My thoughts were interrupted as my hand was grabbed and guided toward the food table. There before my eyes were the candles reminding me of life. Unbeknownst to my well-wishers, was the heaviness my hard carried at this moment. The dream of the last dance with friends and lovers struck a chord with me. I longed for those days of carefree living and loving, but my reality was now constant doctor visits and a strict drug treatment. I managed a smile to disguise the sick I felt in my stomach. Each candle represented a year of life for me, but added more to the list of those who died. I heard the chorus refrain in my ears as I was encouraged to blow out the candles and make a wish. Blowing out the candles meant erasing their memories. I couldn’t do that. My hesitation allowed the candle wax to drip onto the coconut. With the refrain, I heard the voices of those who went before me, celebrating this moment with me as well. They reminded me that I was still here and to take advantage of living. I would not be snuffing out their lives, but honoring them by living mine. I took a deep breath, inhaling the various scents, and held that breath. The chants of “make a wish” forced me to close my eyes and silently whisper my wish to myself. I was a selfish bitch; I wanted more than one wish, but I wasn’t going to be greedy. I settled for two; the first wish was another year to live, to celebrate life. The other wish was always out of reach after being diagnosed: I wished for someone to love and for someone to love me. I blew out the candles, making sure to get each one with this one breath. As I opened my eyes, his eyes met mine.

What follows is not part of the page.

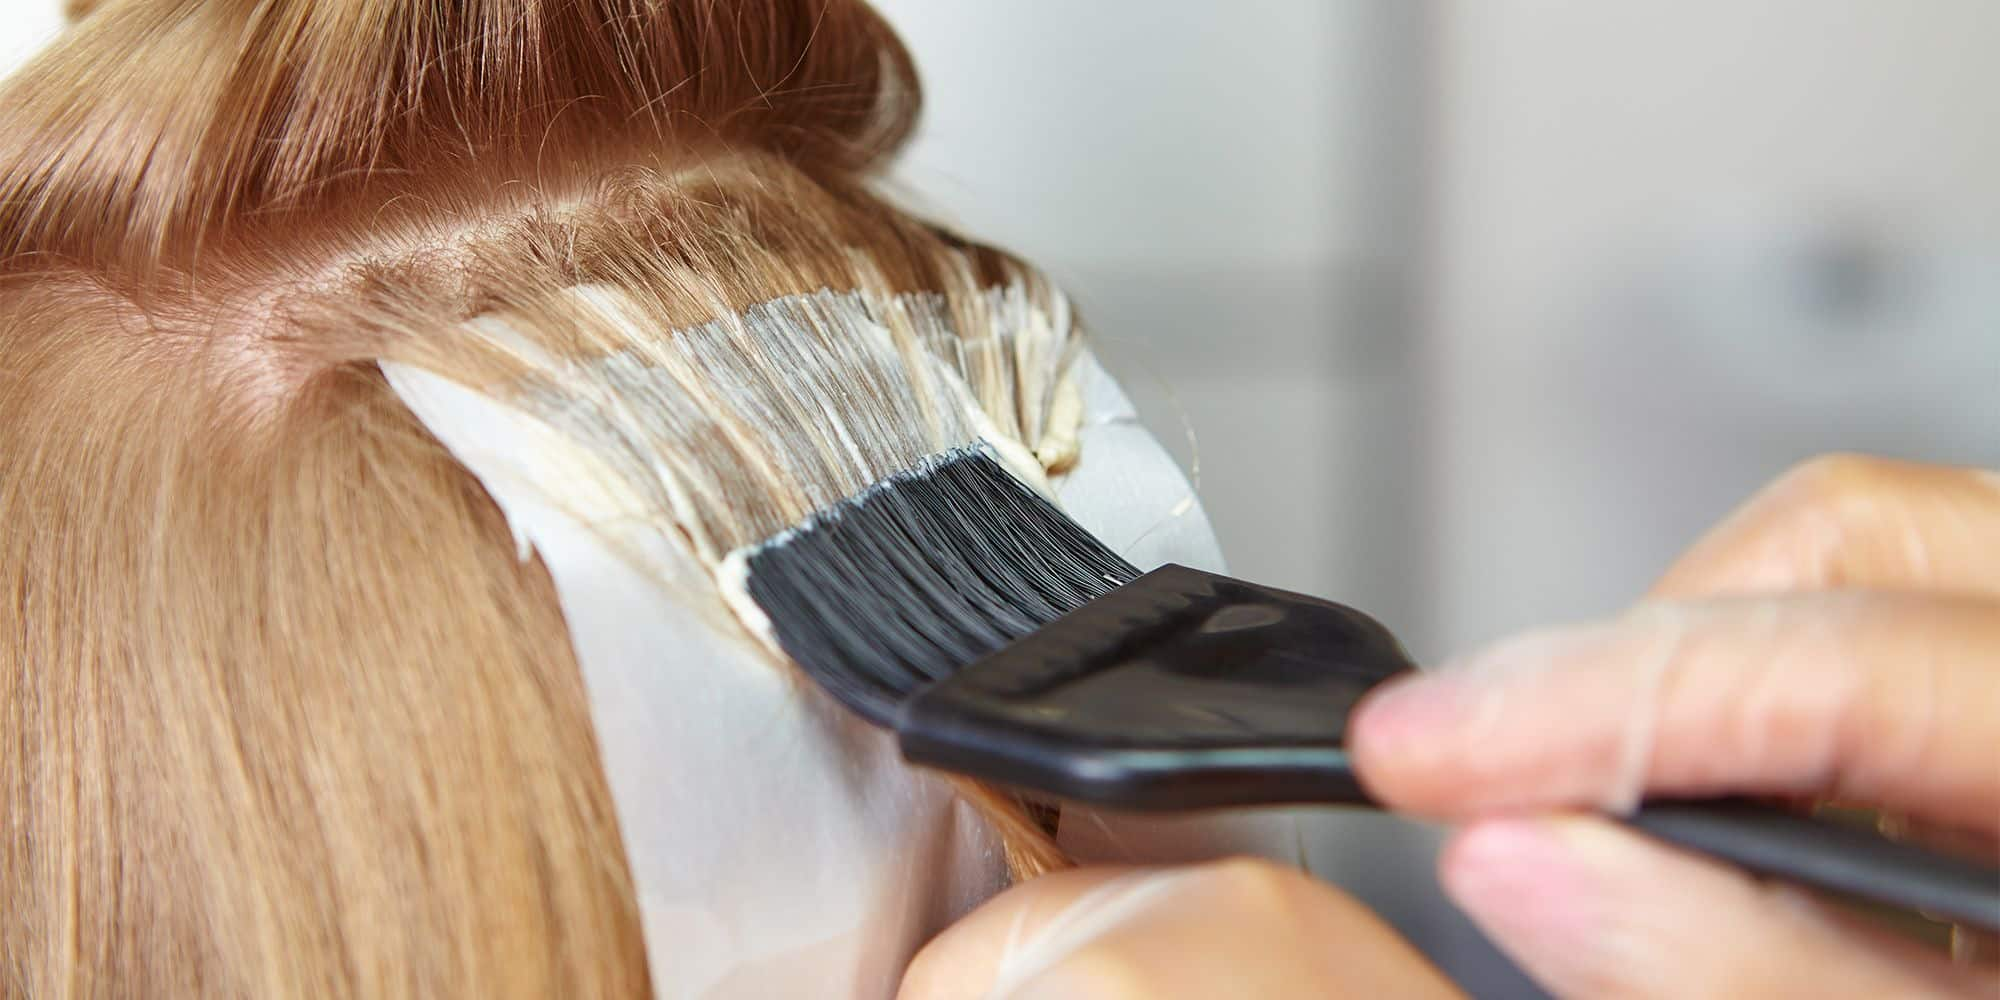 Berikan-Perawatan-Pasca-Mewarnai-Rambut

Love is a motherfucker. Like Stephanie Mills, I needed and sought the comfort of a man, but only found little boys pretending to be men. With a big smile and a trick hip came game and dishonesty. Many assumed I was desperate because I was living with a chronic disease. They figured my life expectancy was short, and I would put up with anything in order to have someone in my bed, or arms, for that matter. Initially, I found myself seeking out the love and attention of others. I needed to feel like the man I once was before being diagnosed with HIV. I wanted to feel desirable, so I found myself accepting anything and everything offered to me. There were the brothers who promised to be there through thick and thin, to wipe tears and offer comfort. But after they got their nut, they left. Then, there were the white boys, who became motherly and smothering. They were well-informed about HIV disease and the effects it had on the body and the psyche. But their concern for my welfare far out-shadowed any possibilities of simple love, patience and understanding.
So rather than focus on the love that would nurture me from someone else, I focused that search on myself. On that new journey, I discovered the true essence of me. In a moment of self-reflection, I found the greatest love that I could possibly receive was from me. The numerous faces and body parts that graced my door and bedroom were substitutions for what was truly missing—me. After this epiphany, I got my ass off of the couch and away from the number of sex websites searching for a temporary fix; I decided on some long-term goals.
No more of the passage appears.